Word for word, retype the lines from the one containing "busted - meme" to the one containing "Several malls in" below, keeping both end lines and dropping the pictures.
=== Listed records ===
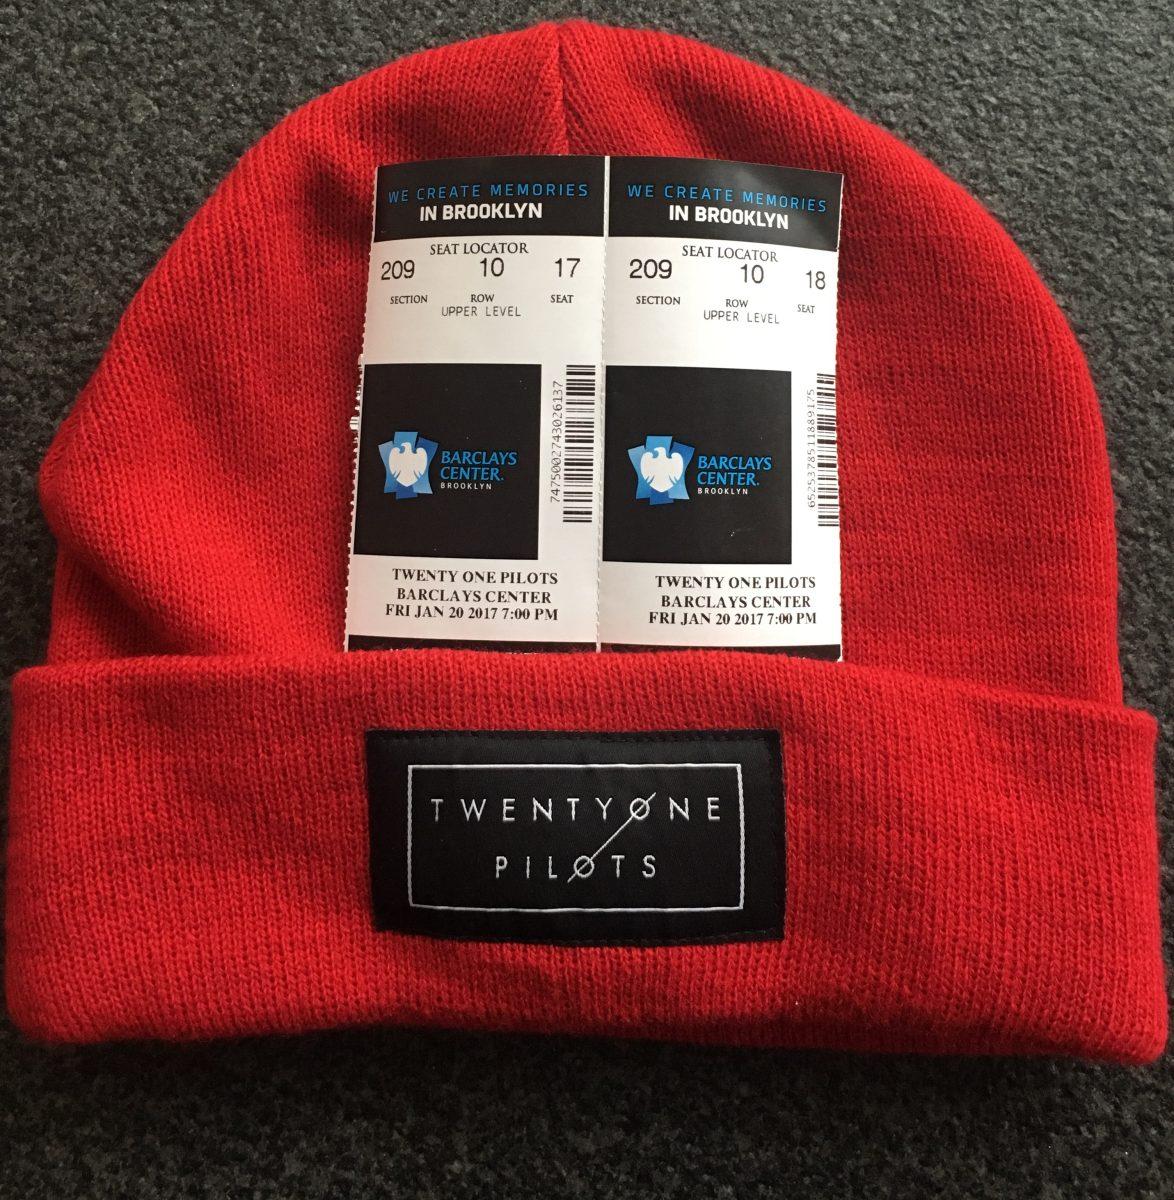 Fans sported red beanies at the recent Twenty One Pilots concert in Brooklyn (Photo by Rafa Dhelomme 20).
===
=== Listed records ===
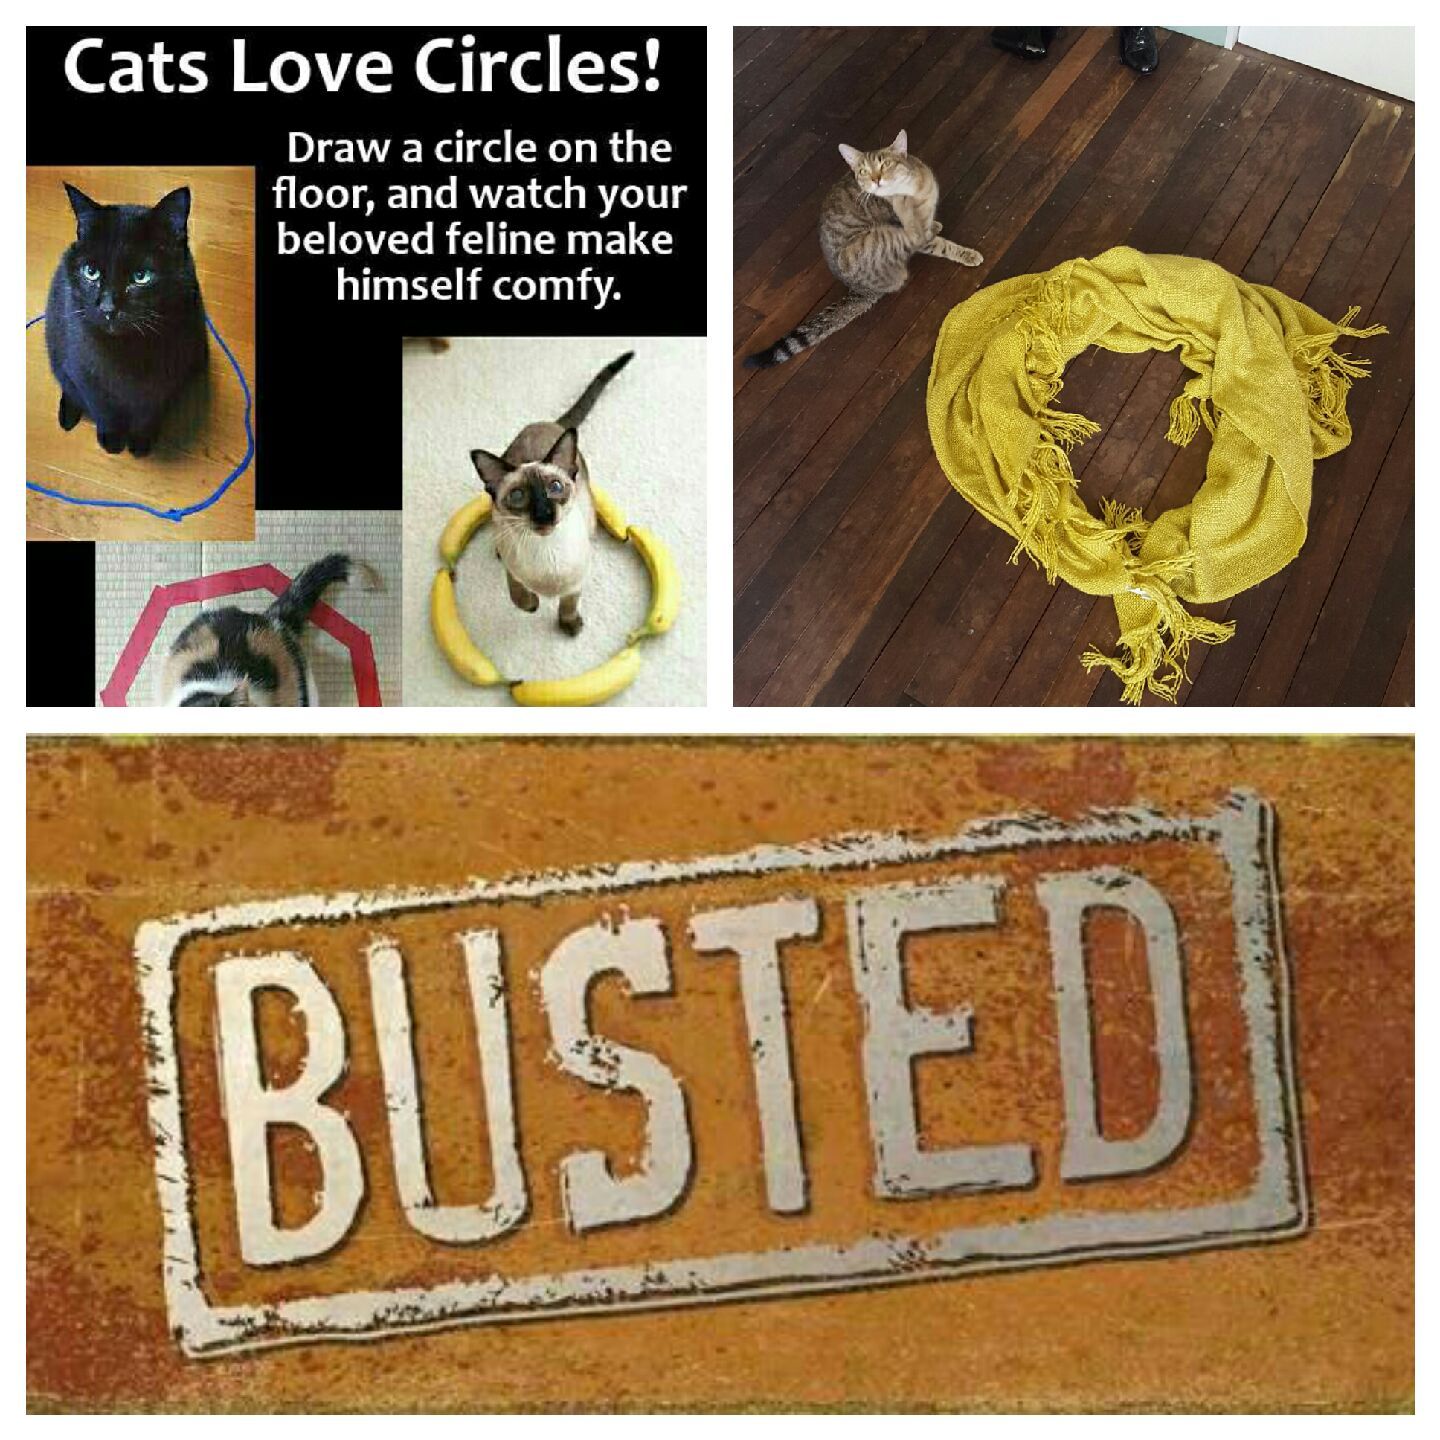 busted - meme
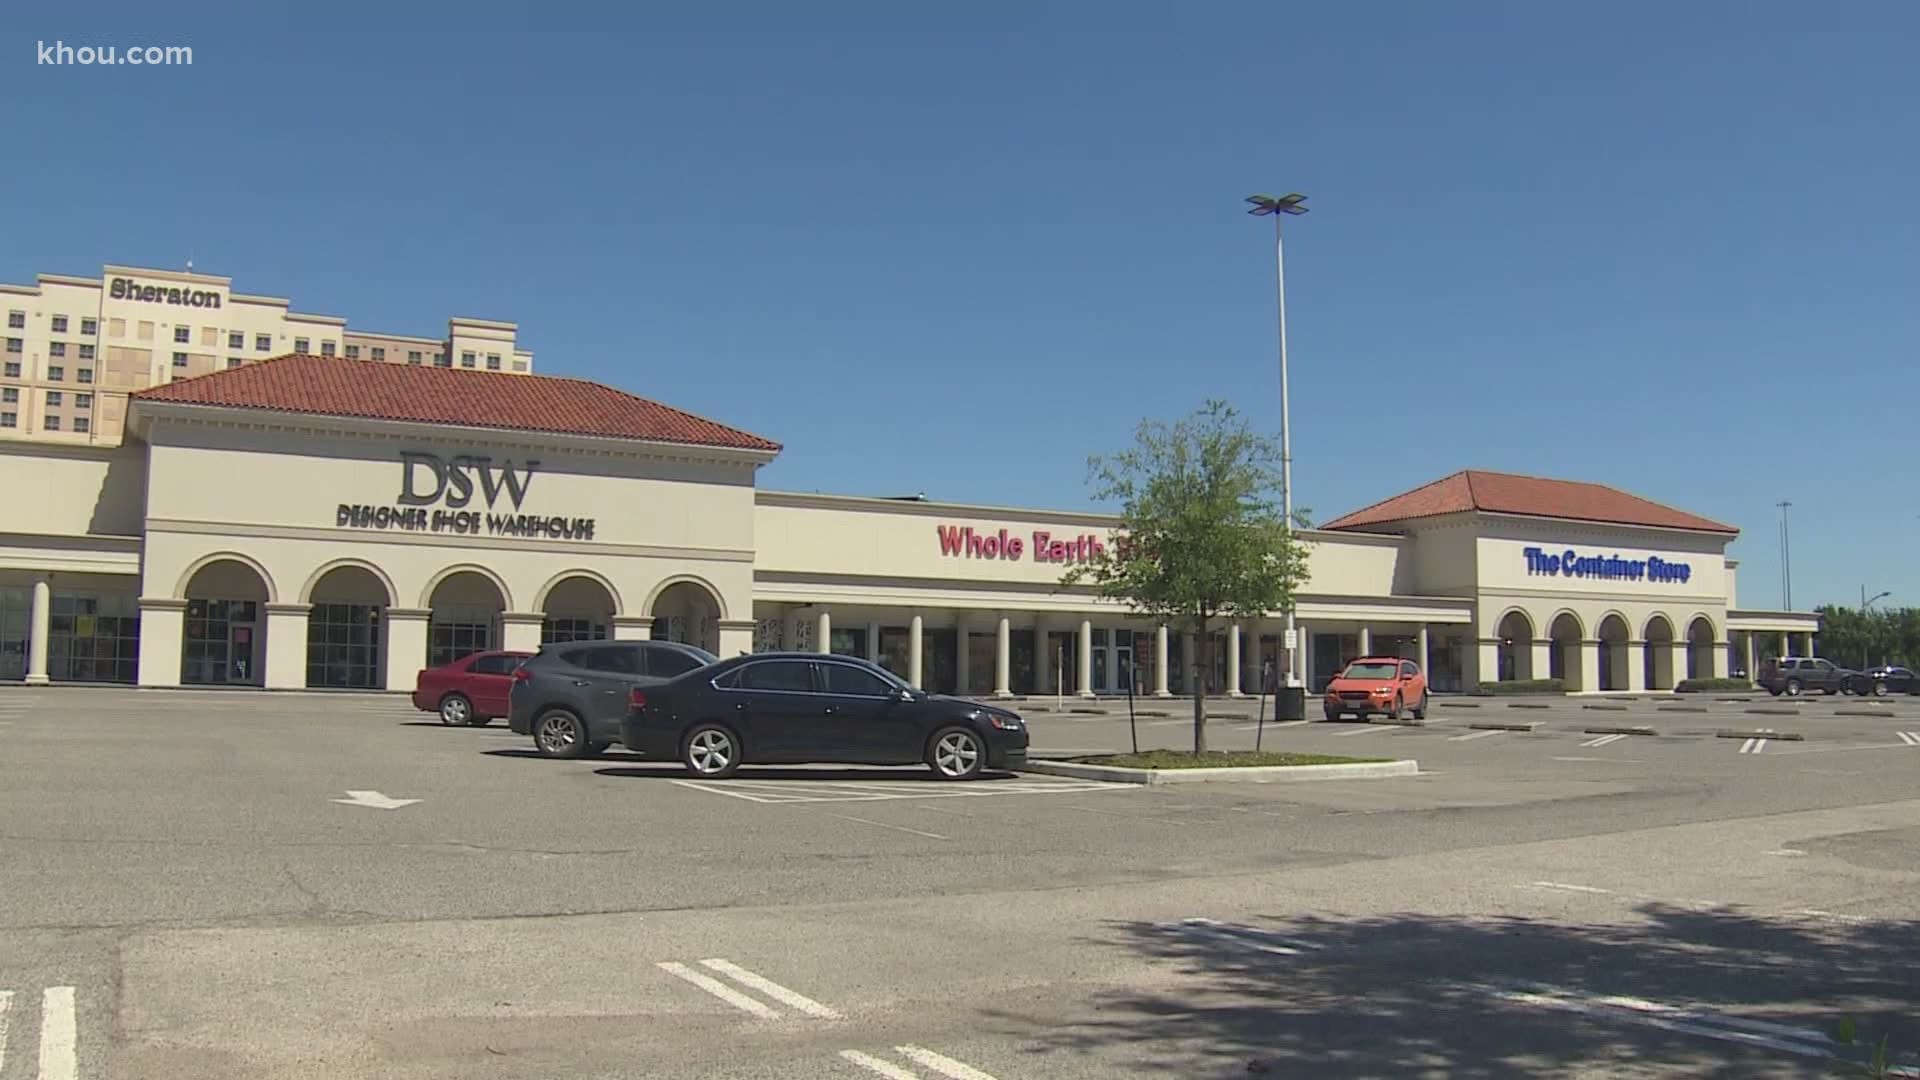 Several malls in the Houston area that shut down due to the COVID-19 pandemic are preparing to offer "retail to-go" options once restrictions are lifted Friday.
===
Task solution
 busted - meme
 Several malls in the Houston area that shut down due to the COVID-19 pandemic are preparing to offer "retail to-go" options once restrictions are lifted Friday.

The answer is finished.